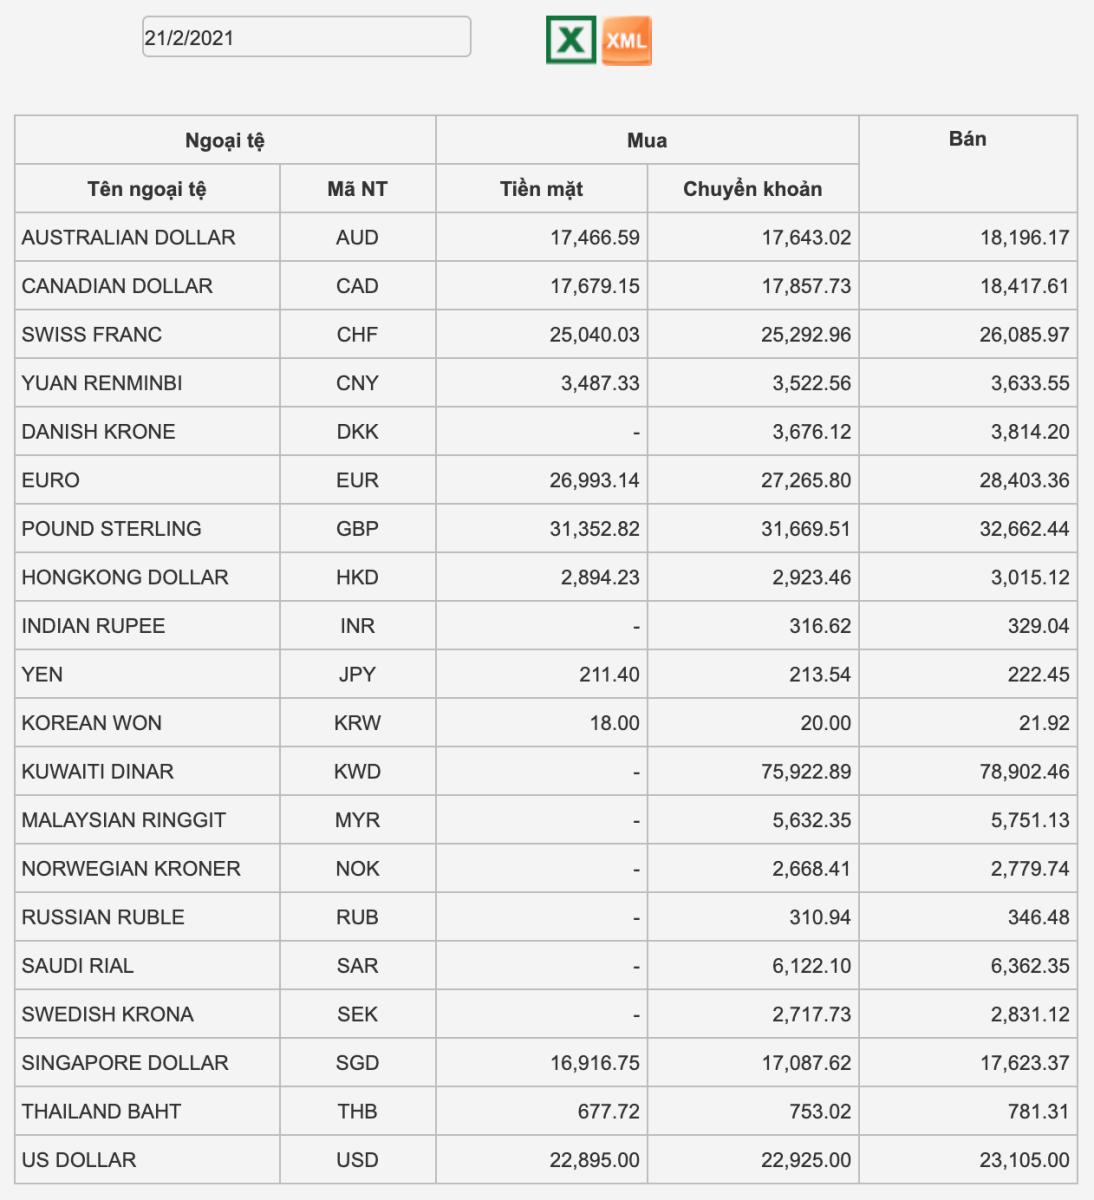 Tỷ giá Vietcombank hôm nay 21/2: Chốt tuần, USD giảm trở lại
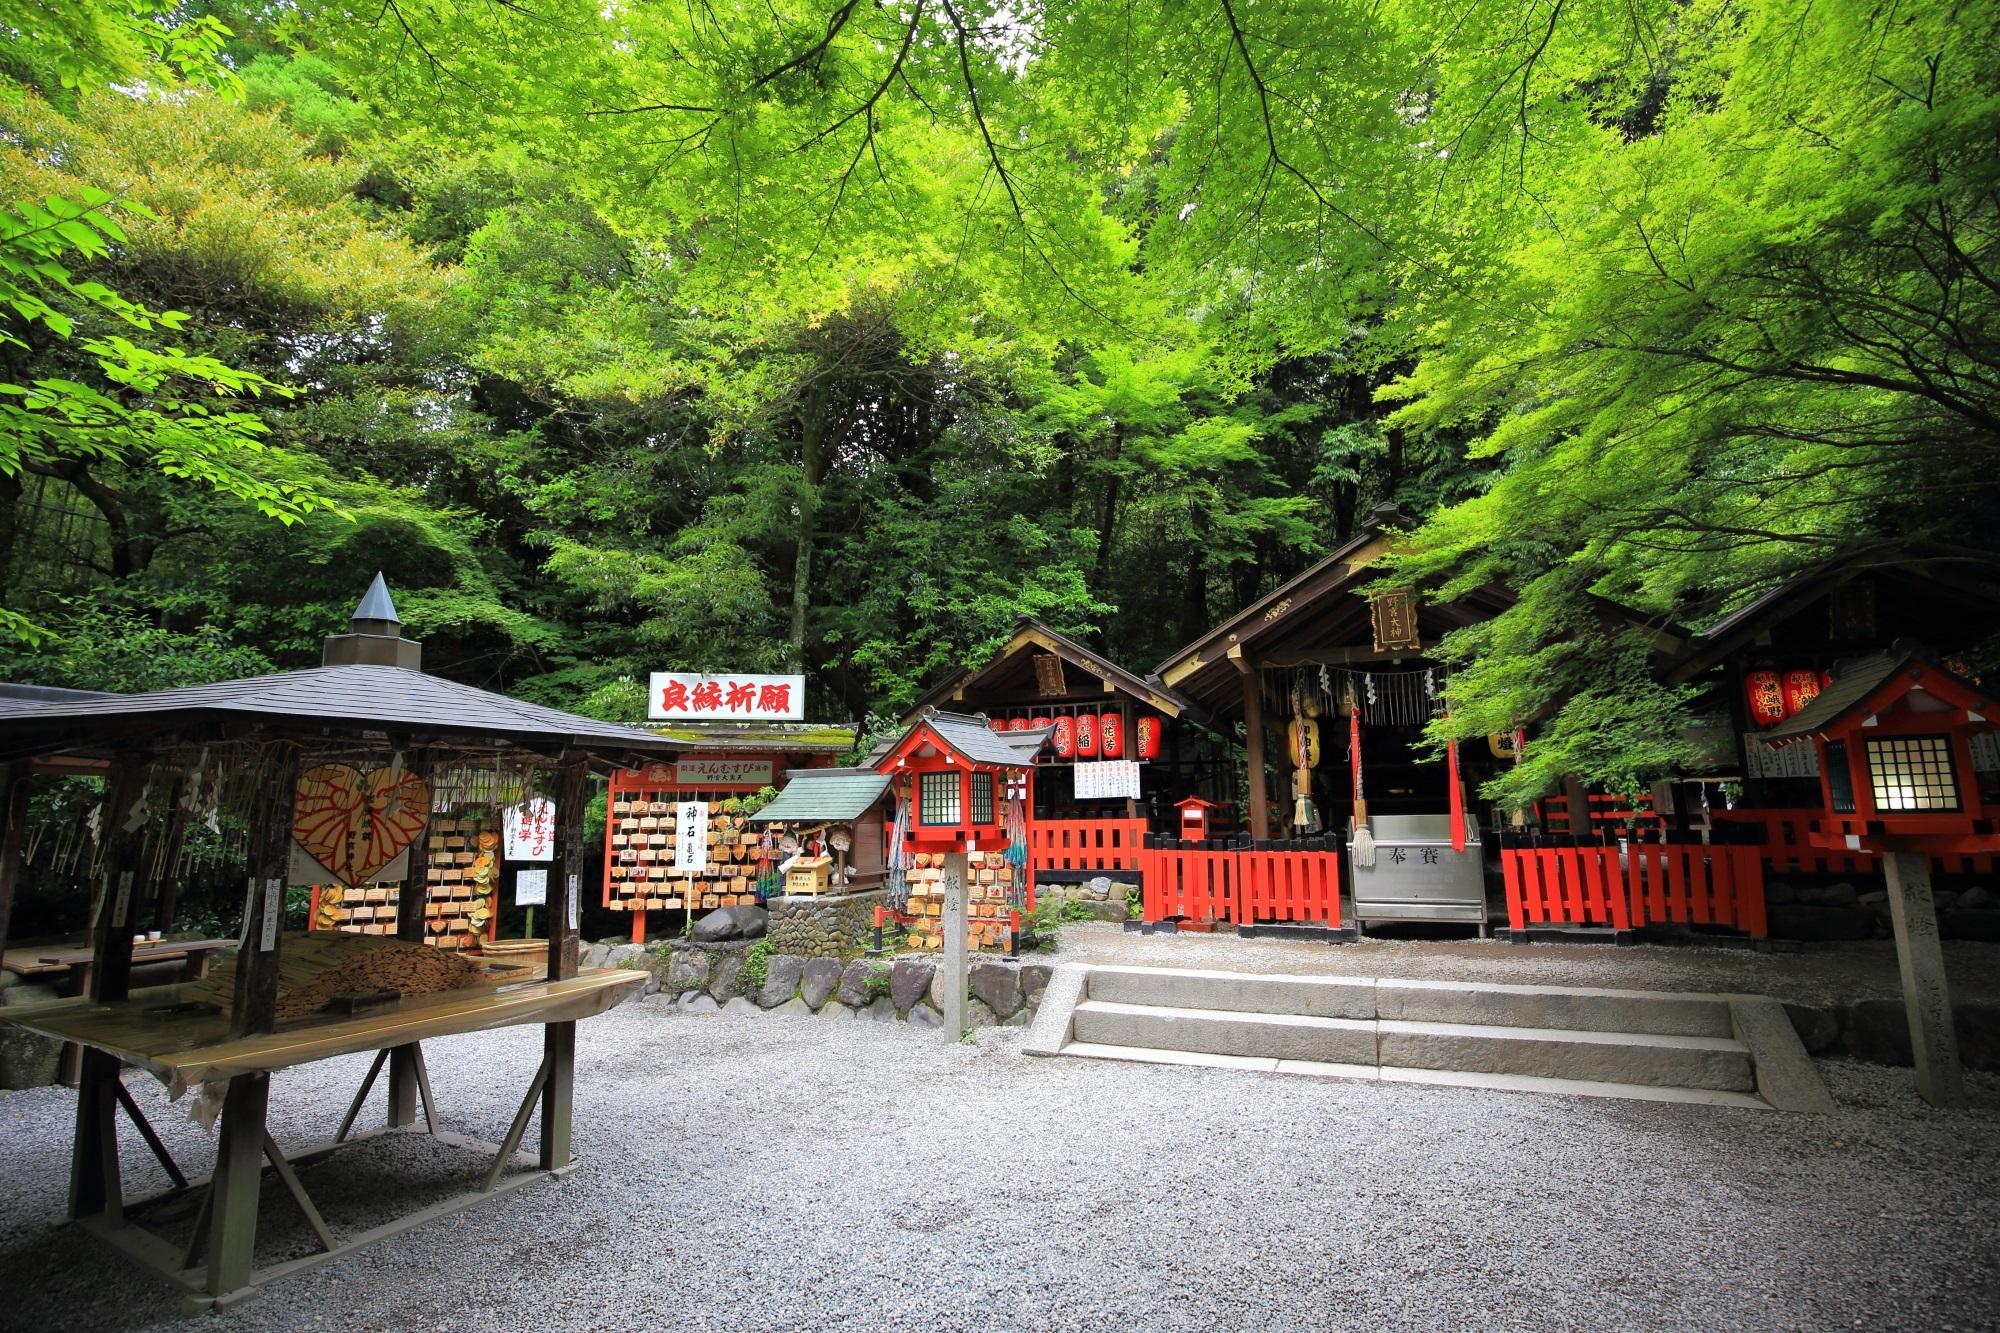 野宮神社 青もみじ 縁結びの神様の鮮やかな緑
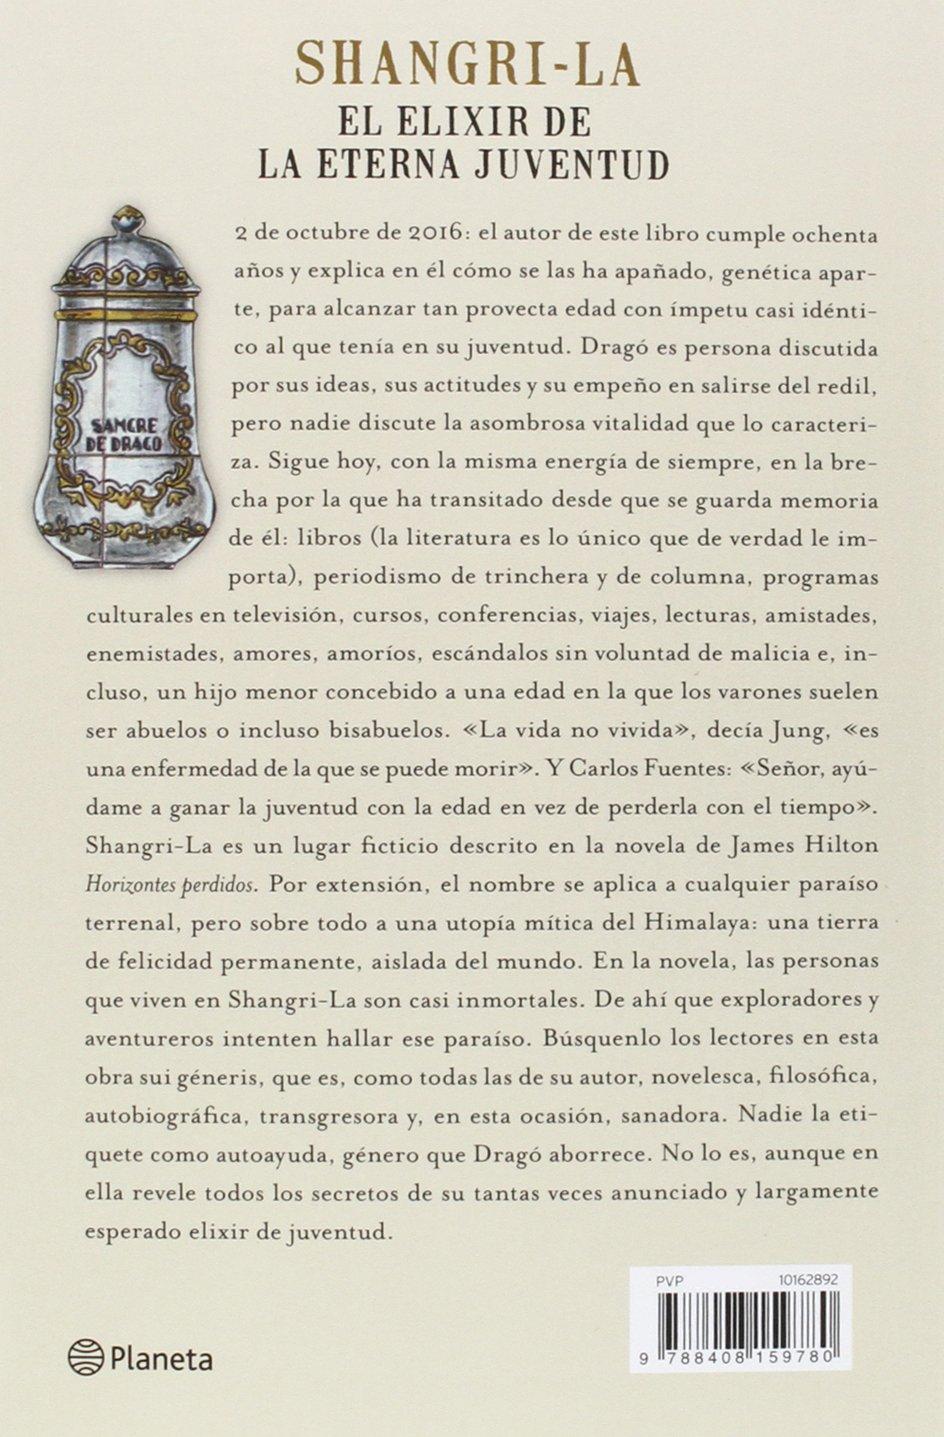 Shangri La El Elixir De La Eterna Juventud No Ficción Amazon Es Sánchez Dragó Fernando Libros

• _Exercise requirements_: The output has to match the data above line for line, except that pictures are dropped.

• _Answer to this problem_:
 Tỷ giá Vietcombank hôm nay 21/2: Chốt tuần, USD giảm trở lại
 野宮神社 青もみじ 縁結びの神様の鮮やかな緑
 Shangri La El Elixir De La Eterna Juventud No Ficción Amazon Es Sánchez Dragó Fernando Libros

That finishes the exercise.